Capillary electrophoresis for the analysis of the effect of sample preparation on early stages of Aβ 1–40 aggregation

Aggregation of the amyloid‐β protein (Aβ) contributes to the neurodegeneration characteristic of Alzheimer's disease. Of particular importance are the early stages of aggregation, which involve the formation of soluble oligomers and protofibrils. In these studies, we demonstrate the potential for CE with UV detection using a polyethylene oxide separation matrix to identify the evolution of various oligomeric species of Aβ 1–40 . To demonstrate the efficacy of this technique, UV‐CE was utilized to compare two methods commonly used to prepare Aβ for aggregation experiments and their effect on the formation of early aggregates. SEC‐purified Aβ 1–40 initially contained more small species, including monomer, than did freshly dissolved Aβ 1–40 pretreated with hexafluoroisopropanol. Strikingly, the lag time to oligomer formation for SEC‐isolated Aβ 1–40 samples was ∼23 h shorter compared to freshly dissolved Aβ 1–40 samples. Furthermore, oligomers formed from the aggregation of SEC‐purified Aβ 1–40 persisted within solution for a longer period of time.
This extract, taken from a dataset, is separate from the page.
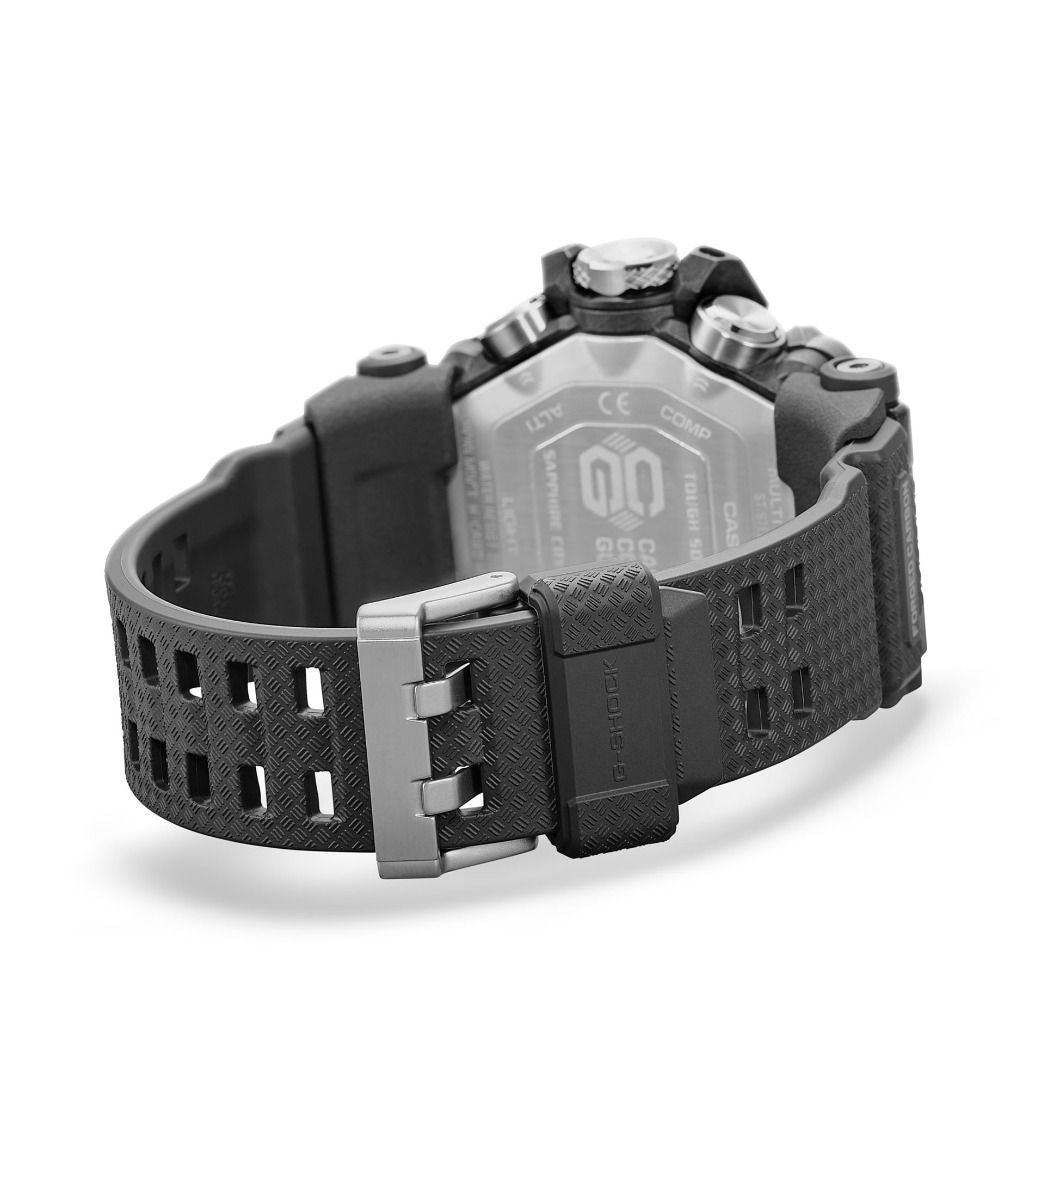 Orologio G-Shock Mudmaster GWG-2000-1A1ER nero stealth
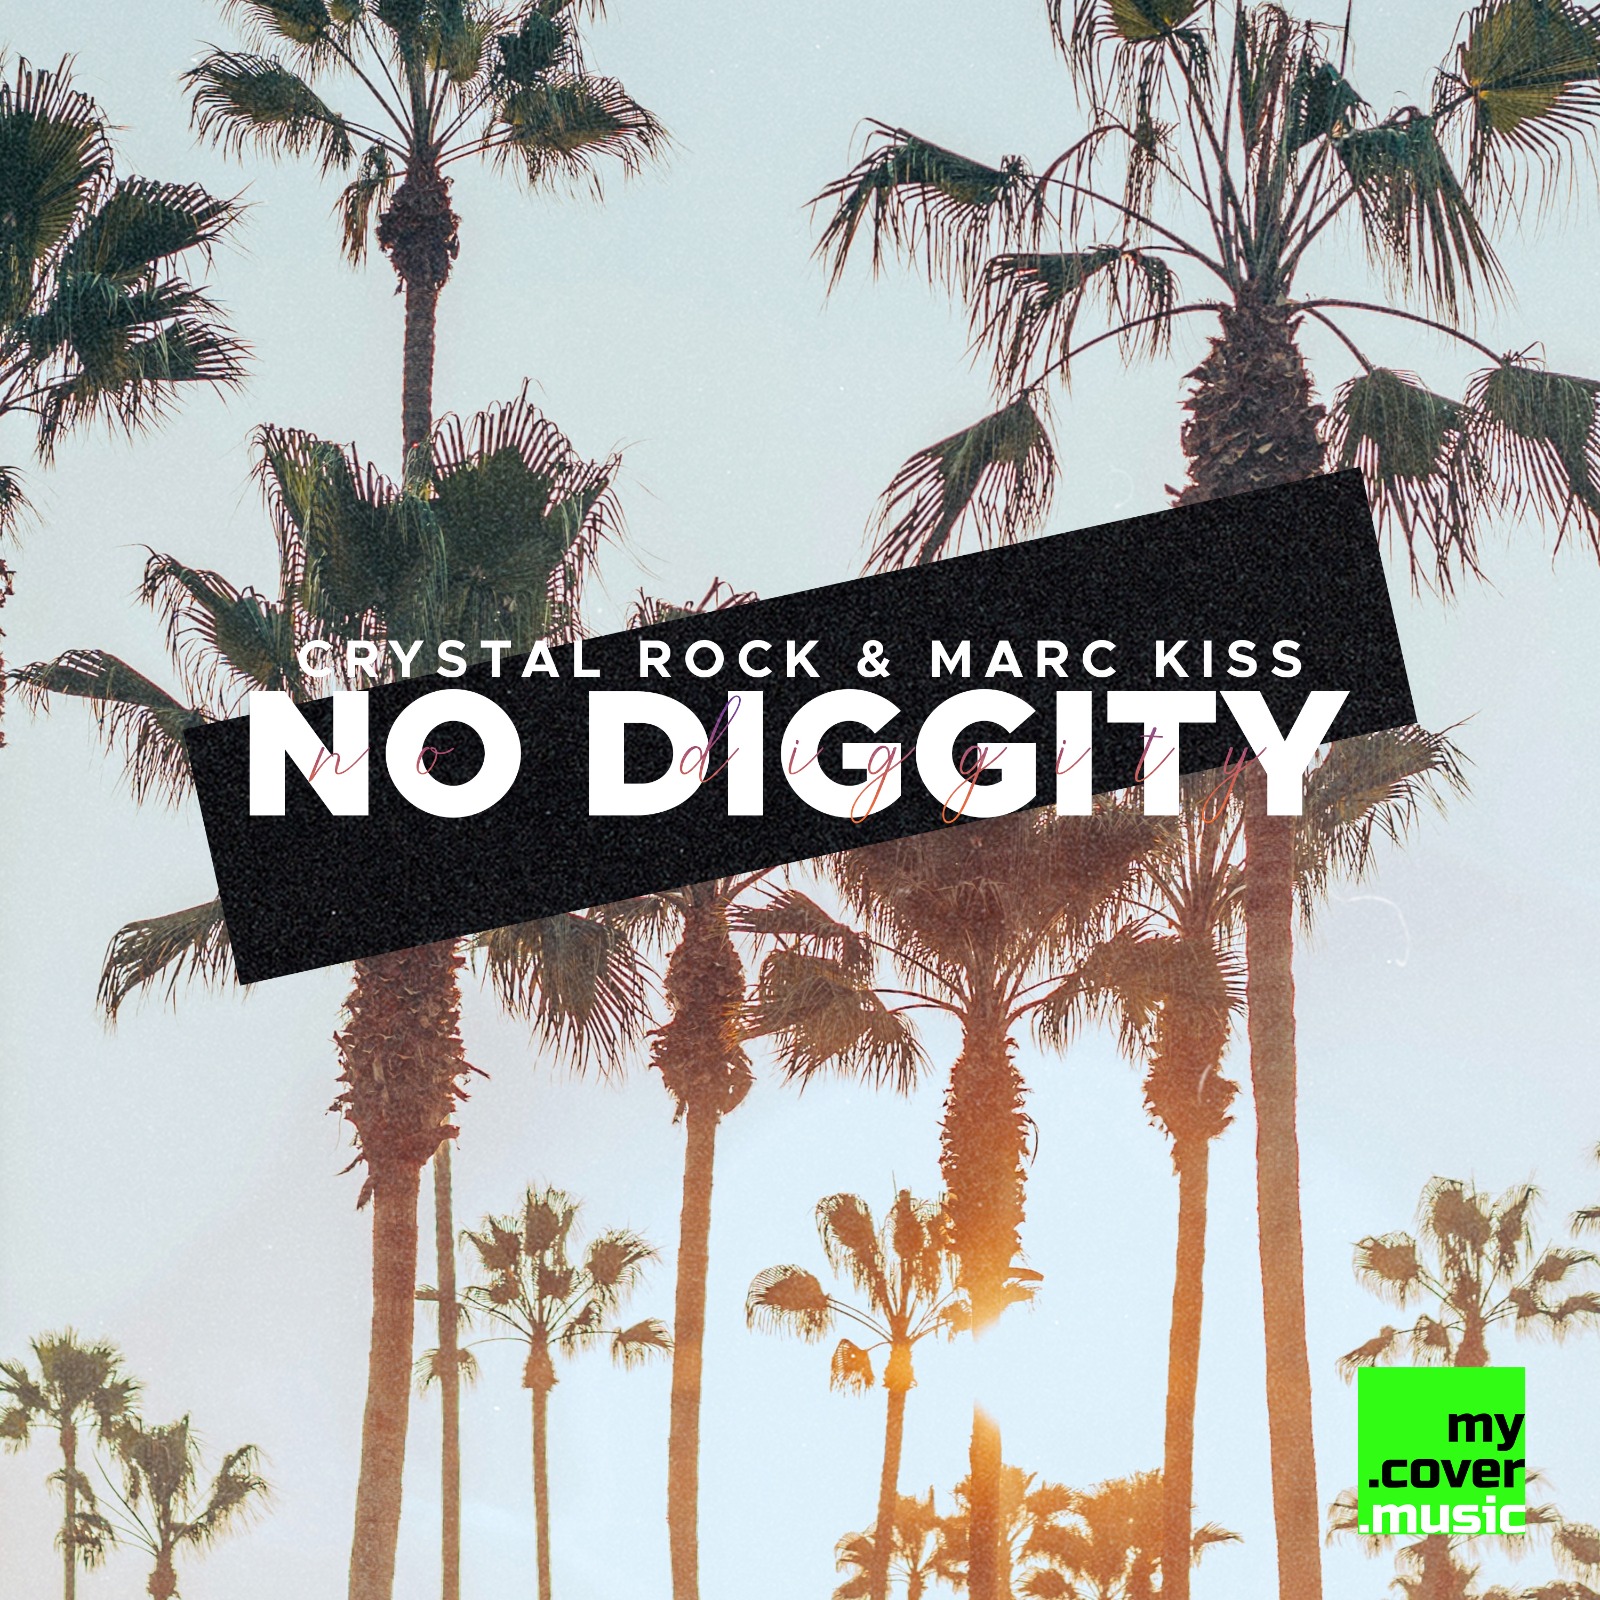 Crystal Rock & Marc Kiss - No Digitty

These results indicate that the initial sample preparation has a drastic influence on the early stages of Aβ 1–40 aggregation. This is the first report of the use of UV‐CE with a separation matrix to study the effect of sample preparation on early aggregation of Aβ 1–40 . UV‐CE was also used in parallel with dot blot analysis and inhibitory compounds to discern structural characteristics of individual oligomer peaks, demonstrating the capacity of UV‐CE as a complimentary technique to further understand the aggregation process.